My favorite restaurant is in the process of throwing twenty years of brand equity out the window, and all the local customers are in mourning.
Houston's is a wonderful restaurant. It's part of a chain, but you would never know it by the way the food and atmosphere are created. The food is utterly reliable and high quality, the staff is always well-trained, and the interior design is comforting. I've eaten in the Phoenix Houston's for the past twenty years, since it opened. I brought up my children and my foster children there, and its bar has seen me through the ends of two marriages. Tom and Al, veteran bartenders, have watched me and a whole host of others who live in and near the Arizona Biltmore grow older. When I walk into Houston's, I always see people I know. It's "Cheers" for the white collar class.
I've also been to their restaurants in Kansas City, Atlanta, San Francisco, and Scottsdale. In a strange town, I seek out the familiarity and comfort of a Houston's. It's the artichoke, it's the apple walnut cobbler, it's the salmon, the chicken, the pork chop, the chicken salad, the wine list, the waitstaff.
But I've been thrown for a loop by the decision of the Phoenix Houston's to move across the street to a free standing building and change its name to "Biltmore Grill." Biltmore Grill? Where and what is that? Why would George Beall, a man who clearly knows how to run restaurants and create repeat customers, do that?
I have a theory. My theory is that George is phasing out, and younger members of his organization are phasing in. George has a "succession plan." The chain has been re-christened Hillstone Group. All the restaurants are no longer the Houston's concept. He's moving into the future.
Those younger people probably have MBAs and research about statistics like parking, cost of goods sold, etc. They have decided that a free standing building is better than the mall we are in now, and that we, the family of customers, will get used to it.
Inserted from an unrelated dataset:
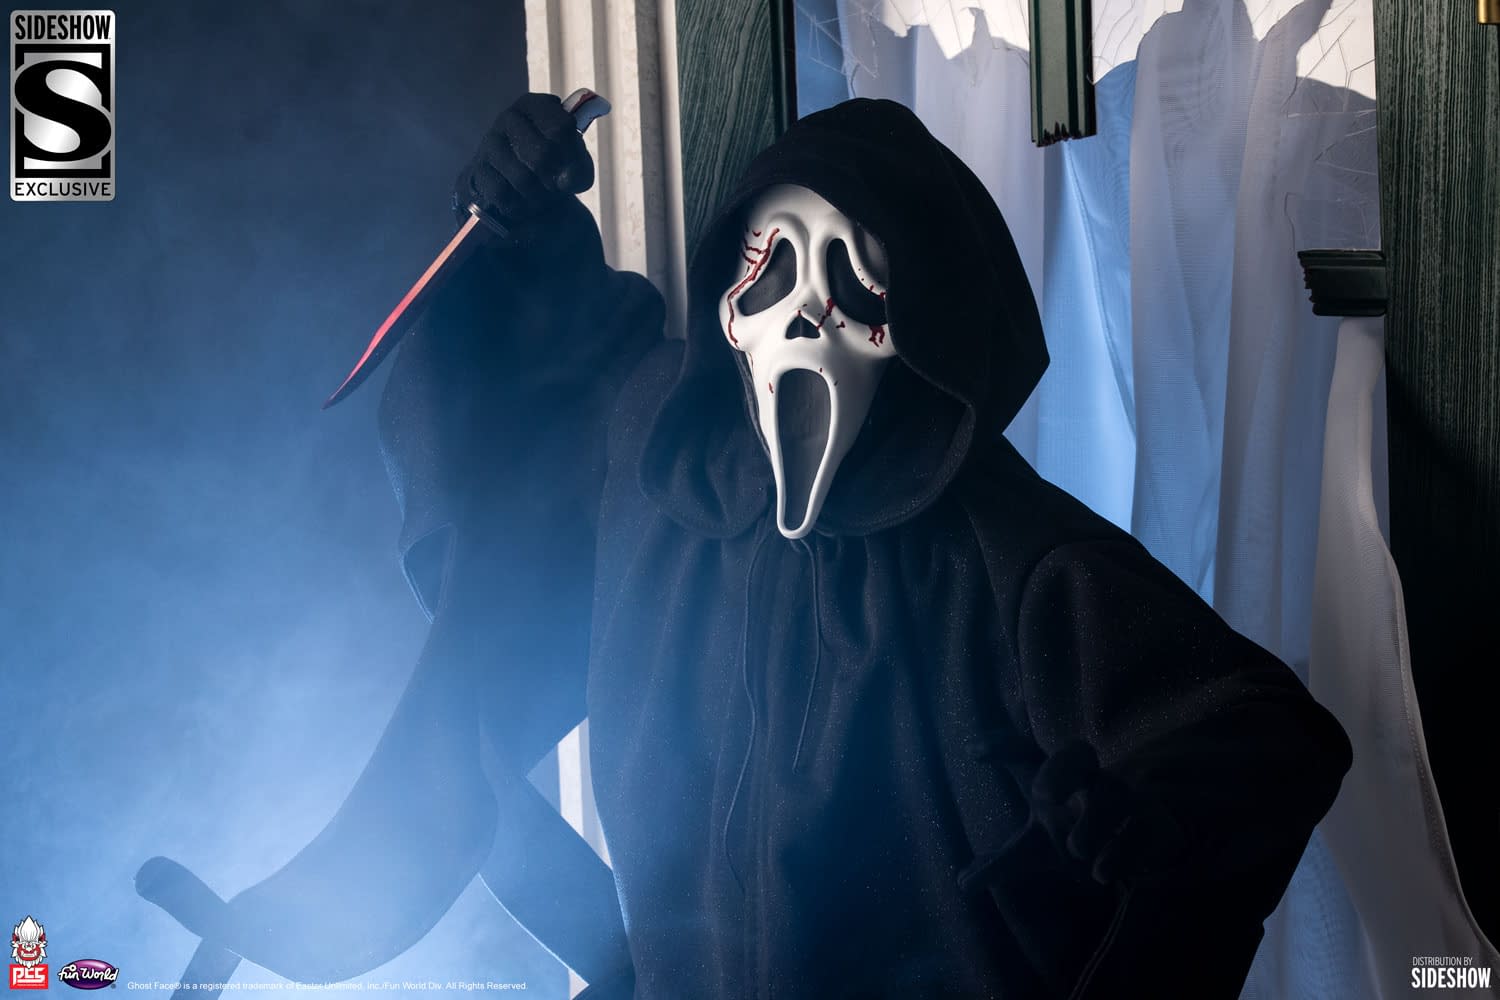 Mezco Toys Debuts 'Scream VI' Ghost Face Collectible

They probably also have theories about the name: since the shopping center is named Biltmore, and the neighboring hotel is named Biltmore, and every crummy condo development in the neighborhood has borrowed the Biltmore name to give itself some class, that Biltmore Grill is a better name. After all, it does say where the place is located and what the food is like.
I really understand all this. It's rational. Houston's always was a meaningless name, and parking in a garage or with a valet is a pain in the tail. Rationally, the new location will be much better, and the same bartenders will be there, with the same waiters and cooks. As a change junkie, and a futurist, I am trained to plan for future generations and live in the youth culture. I even eat dinner at the bar now while Tweeting on my iPhone after checking in on Foursquare.
But it will still take me a while to get used to my favorite example of brand equity throwing it all away.